Clare Museum (Músaem an Chláir) is an archaeology and history museum that tells the story of County Clare. The museum is housed in the former Sisters of Mercy Convent in the centre of Ennis.

==History==
The building in which the museum is housed was originally part of the Sisters of Mercy school built in 1854. The section of the building that contains the museum was built as a primary school in 1865, and a chapel and classrooms added in 1869.

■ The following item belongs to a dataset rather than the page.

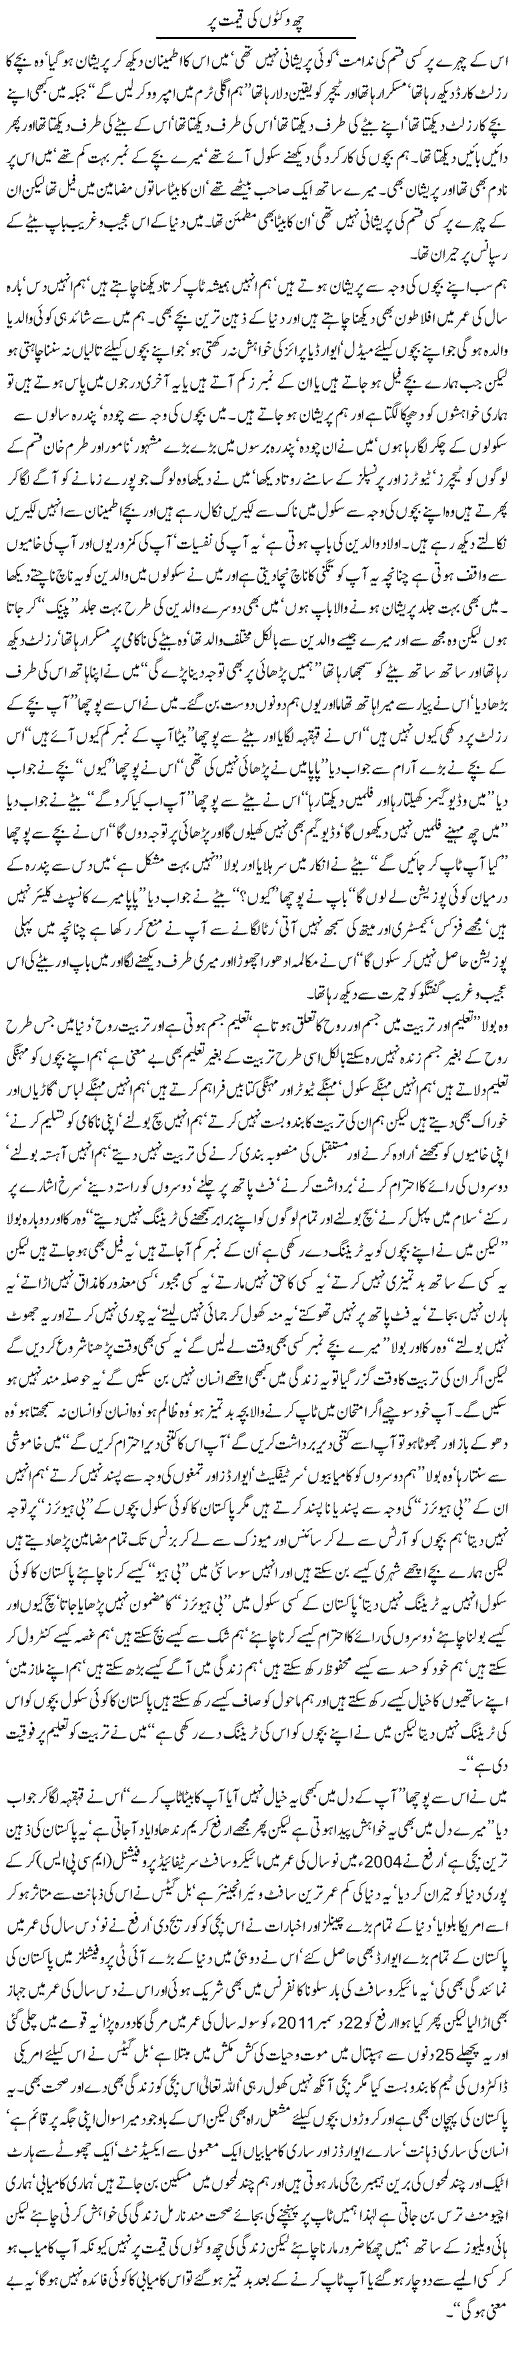 Arfa Karim Express Column Javed Chaudhry 15 January 2012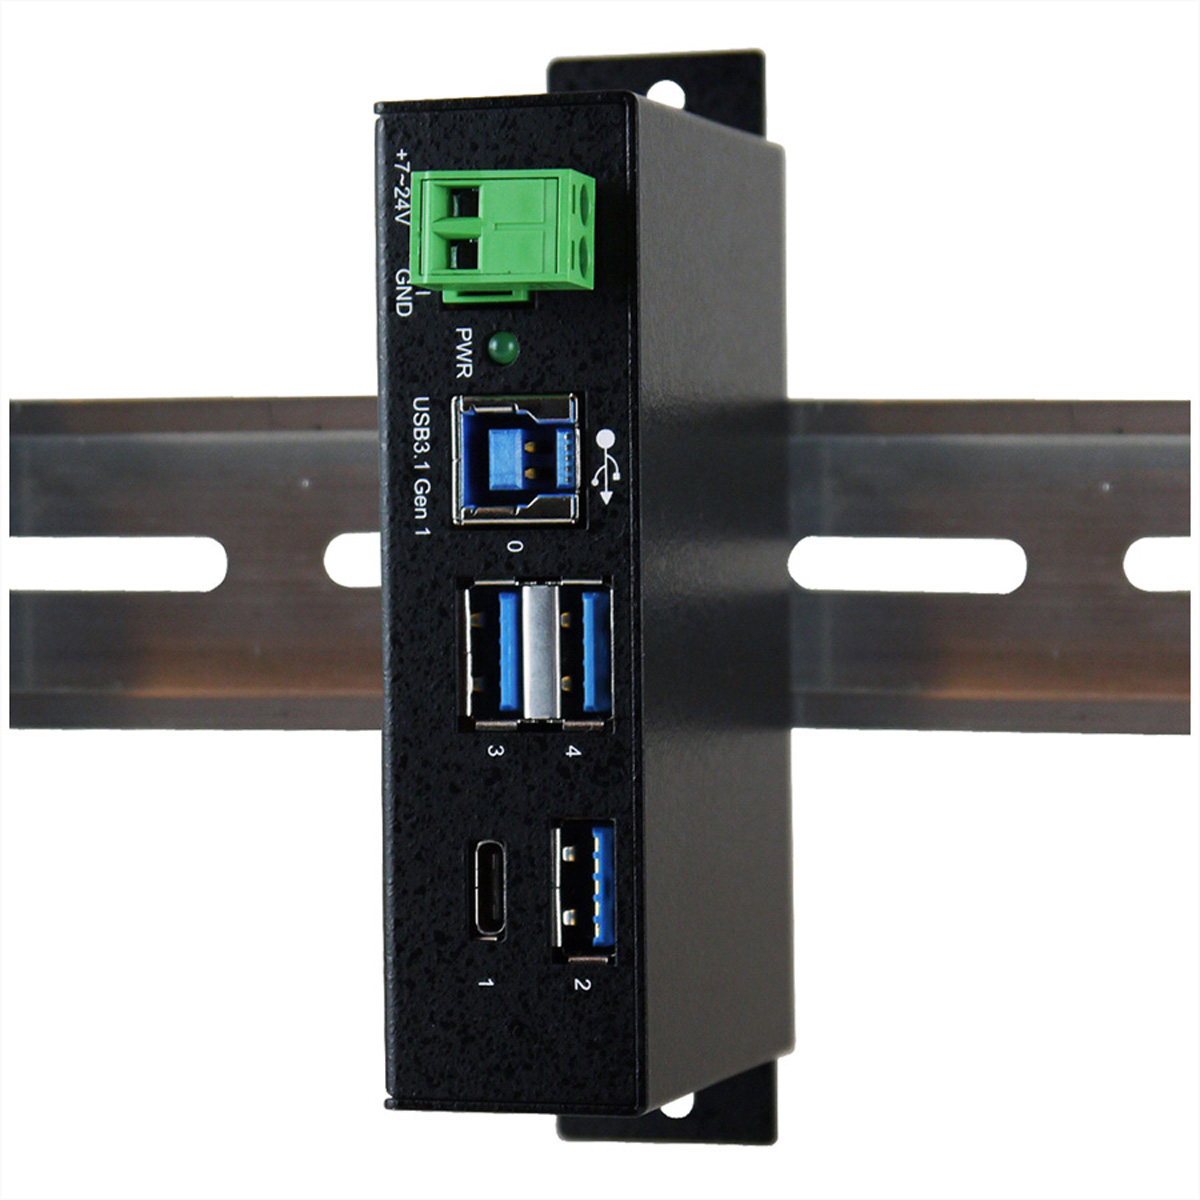 EXSYS EX-1194HMS 4 Port USB 3.2 Gen1 HUB C-Buchse, 15KV ESD Surge Protection

The museum is run by the local authority. It was developed through Ennis Urban District Council with Clare County Council and the Department of Arts, Heritage, Gaeltacht and the Islands, under the Department’s Cultural Development Incentive Scheme under the Operational Programme for Tourism 1994–1999. The chapel and school buildings where refurbished and restored, and the museum was opened to the public in October 2000.

==Contents==
The museum's collections document the history of County Clare over 6000 years. The long-term exhibition displays some of these objects in an exhibition called The Riches of Clare, which occupies two galleries. The objects included are from archaeological sites, social history, religious sites, agricultural history, Clare's association with the Spanish Armada, Clare's musical tradition, and collections relating to Éamon de Valera. The display also contains the autograph book of former IRA volunteer and TD Patrick Brennan, and an exhibition of the 1914 All-Ireland Hurling Championship Senior and Junior teams.

The museum is taking part in the Heritage Council's Museum Standards Programme for Ireland, and has many objects on loan from the National Museum of Ireland. The museum is designated by the National Museum of Ireland to collect archaeological finds.